Like so many of us, I’ve been trying to write a novel for, oh, thirteen years now. 

My first attempt was so long ago that the technology needed to access that draft no longer exists.

A few weeks ago, I took a class on plotting your novel, because I have a terrible habit of writing ten pages of some story that occurs to me and then forgetting about it completely. 

It’s not even giving up - giving up implies some form of active plan. Instead it just vanishes from my mind, like I’m a goldfish with a laptop. 

Having a plan in this area of my life might serve me well, even if plans do very little for me otherwise. So I show up to the class with my brand new Harry Potter moleskine and diligently take pages of notes.

When the instructor started talking about the crisis point that leads into the third act of a novel, I felt a deep sense of relief unwinding through my being.
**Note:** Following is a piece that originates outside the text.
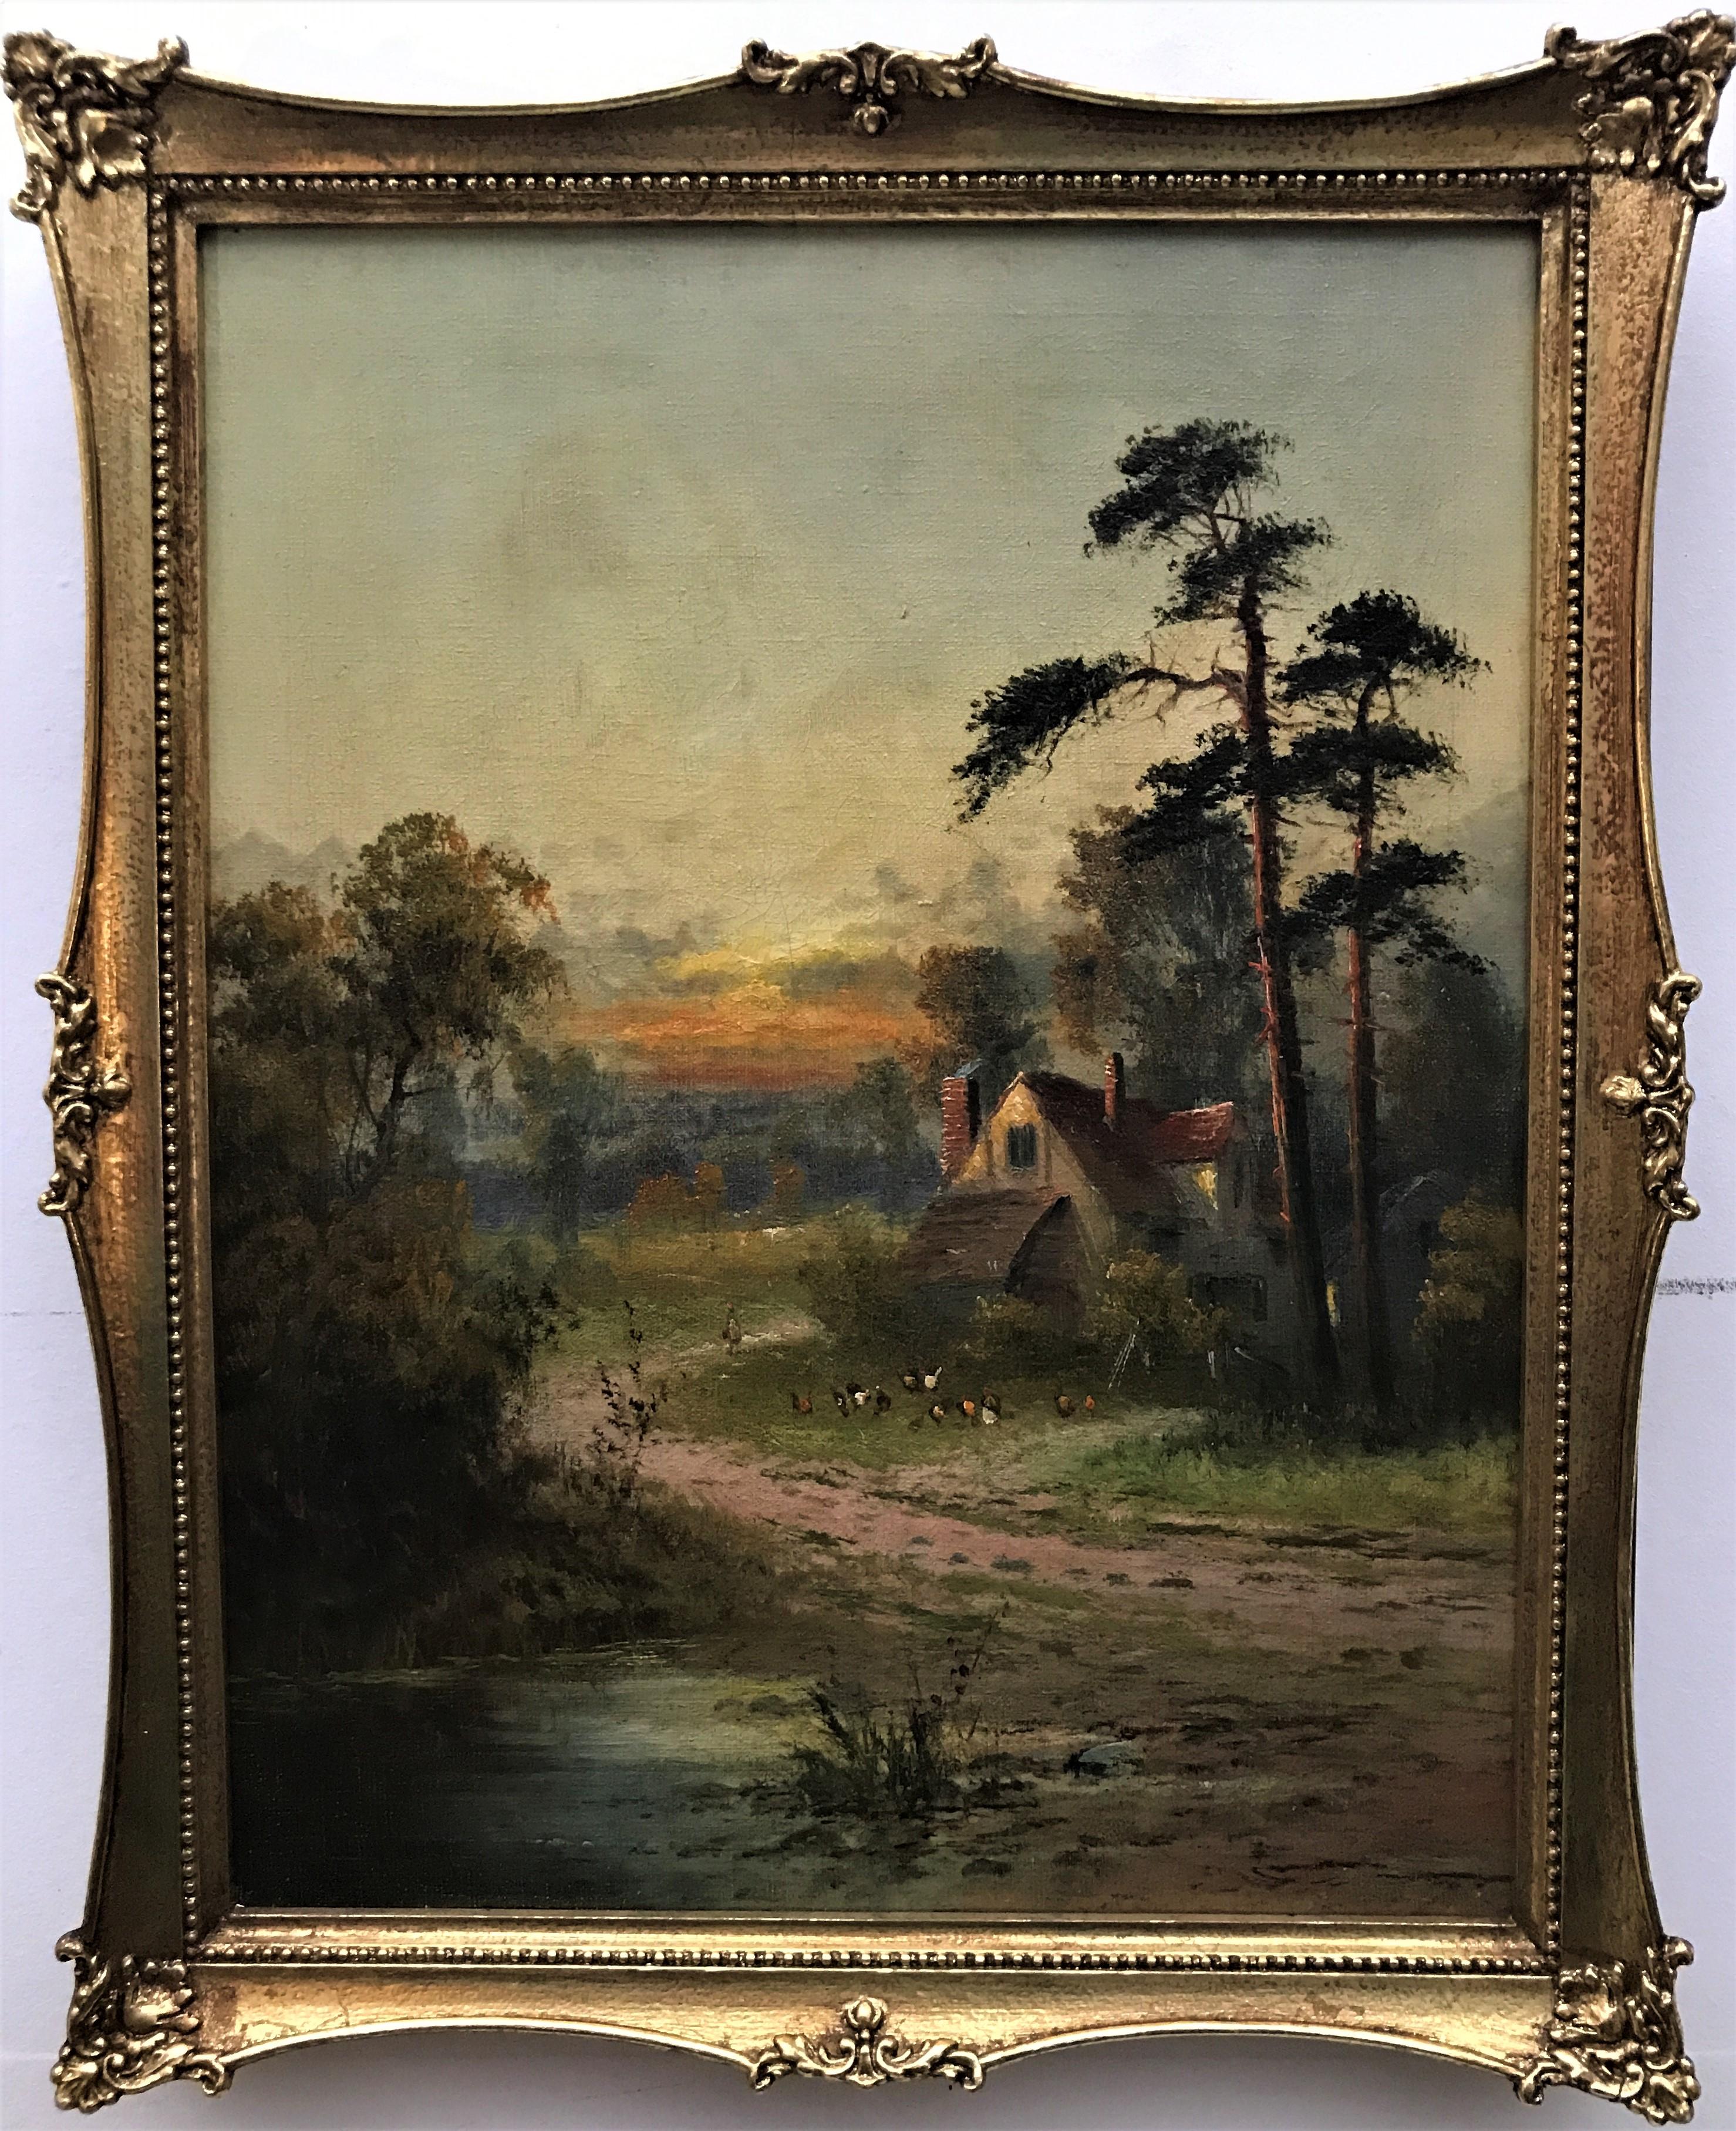 Landscape with Cottage, original oil on canvas, realist style, 20th Century - Painting by George Hider

I thought, “I’m not failing at life, I’m just at my crisis point.”

Someone please print that on a t-shirt, and make it available in pink.

I’m not sure why this was such a revelation, but I have an Instagram account and so maybe can be forgiven for thinking that life needs to be an endless upward cycle of victory.

Sure, my crisis point has lasted about a year - approximately 51 weeks longer than the crisis point in most movies (or maybe life isn’t served up in montage form, though it should be) - and instead of reaching a resolution, it seems to be extending itself via world circumstances and socially-isolated lockdown for the foreseeable future because apparently our lives have turned into a dystopian novel. (I never realized those were supposed to be instructional.) 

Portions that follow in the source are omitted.